This document is a W3C Editor's Draft published to solicit comments from interested parties. All comments are welcome and may be sent to public-swd-wg@w3.org; please include the text "comment" in the subject line. All messages received at this address are viewable in a public archive.

Publication as a Working Draft does not imply endorsement by the W3C Membership. This is a draft document and may be updated, replaced or obsoleted by other documents at any time. It is inappropriate to cite this document as other than work in progress.

This document was produced by a group operating under the 5 February 2004 W3C Patent Policy. The group does not expect this document to become a W3C Recommendation. W3C maintains a public list of any patent disclosures made in connection with the deliverables of the group; that page also includes instructions for disclosing a patent. An individual who has actual knowledge of a patent which the individual believes contains Essential Claim(s) must disclose the information in accordance with section 6 of the W3C Patent Policy.

Introduction

An RDF vocabulary is a set of resources denoted by URIs. Informally, these resources are known as the "terms" of the vocabulary. These resources will usually (but not necessarily) be of type rdf:Property, rdfs:Class, owl:Class, or skos:Concept.

An RDF vocabulary is created and maintained for the use of a community of people as a set of building blocks for creating RDF descriptions of things in their domain of interest. An RDF vocabulary usually implies a shared conceptualisation, and thus the notion of an "RDF vocabulary" is similar to the notion of a "web ontology" (see OWL Web Ontology Language Use Cases and Requirements [webont-req]).
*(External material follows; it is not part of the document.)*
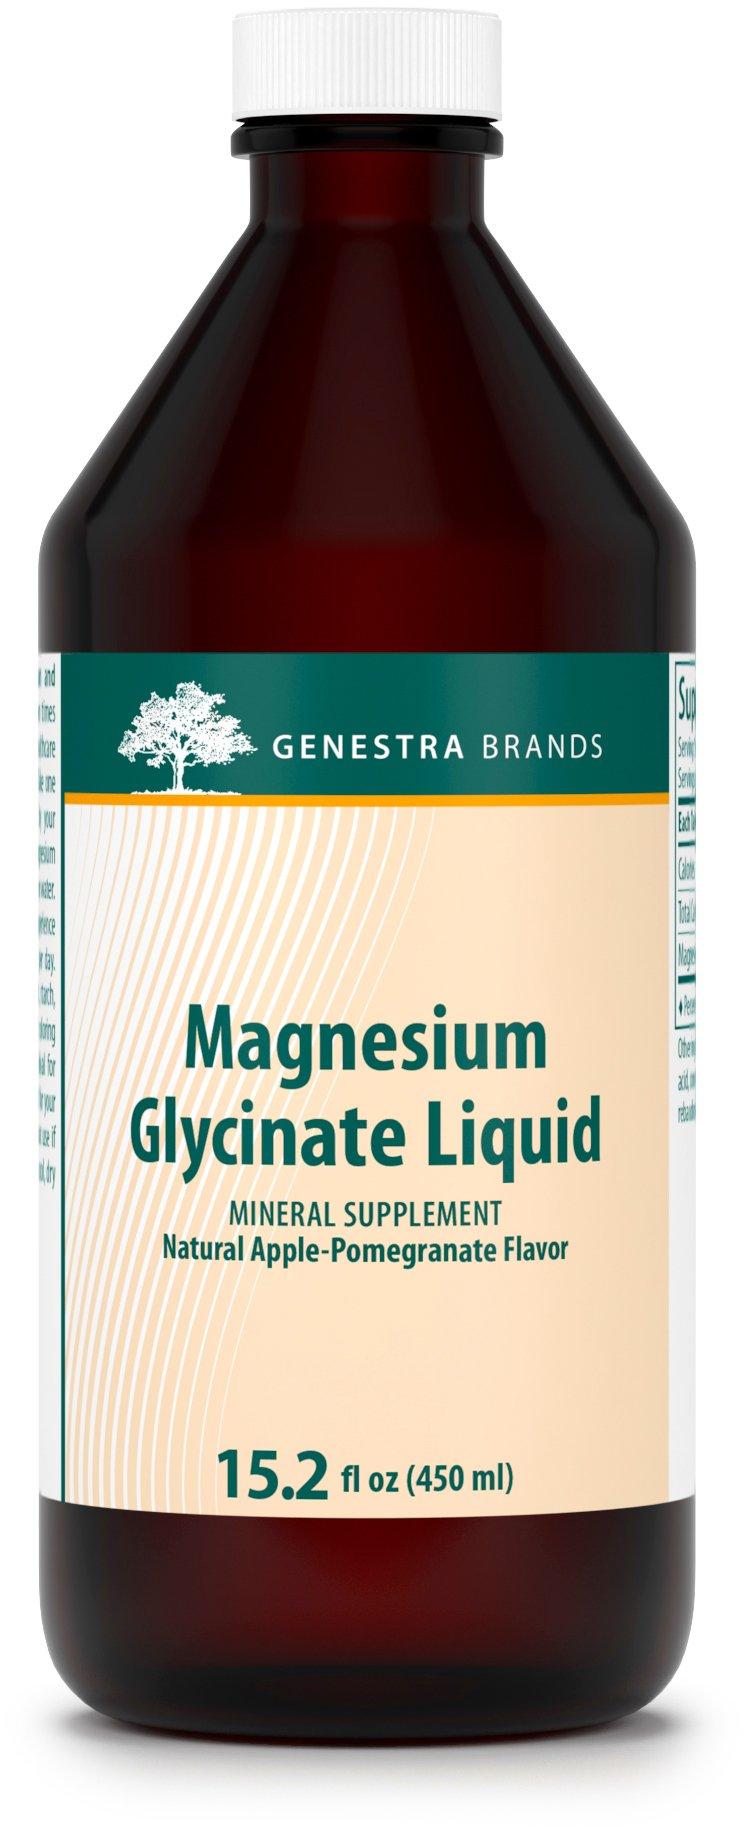 Genestra Brands - Magnesium Glycinate Liquid - Apple Pomegranate Flavor - 15.2 fl. oz.

Many controlled vocabularies have been encoded in RDF, OWL, and other knowledge representation languages, and a growing number are available in the public domain. A fraction of these appear to have fostered significant reuse to date, however (see discussion thread starting with Semantic Web Ontology Map from earlier this year). While there are many issues that can limit reuse opportunities, a significant contributor is the lack of well-specified policies for vocabulary management, metadata, and provenance specification, depending on the application. Several of the most prominent RDF vocabularies currently in use (e.g., OWL, FOAF, Dublin Core, SKOS Core) have emerged from a close collaboration between a relatively small community of developers and a larger community of users. The prominence of these vocabularies may be attributed to their utility, but also to the commitment made by those responsible for developing/maintaining the vocabularies to forming, accomodating, serving, and working with a community of users.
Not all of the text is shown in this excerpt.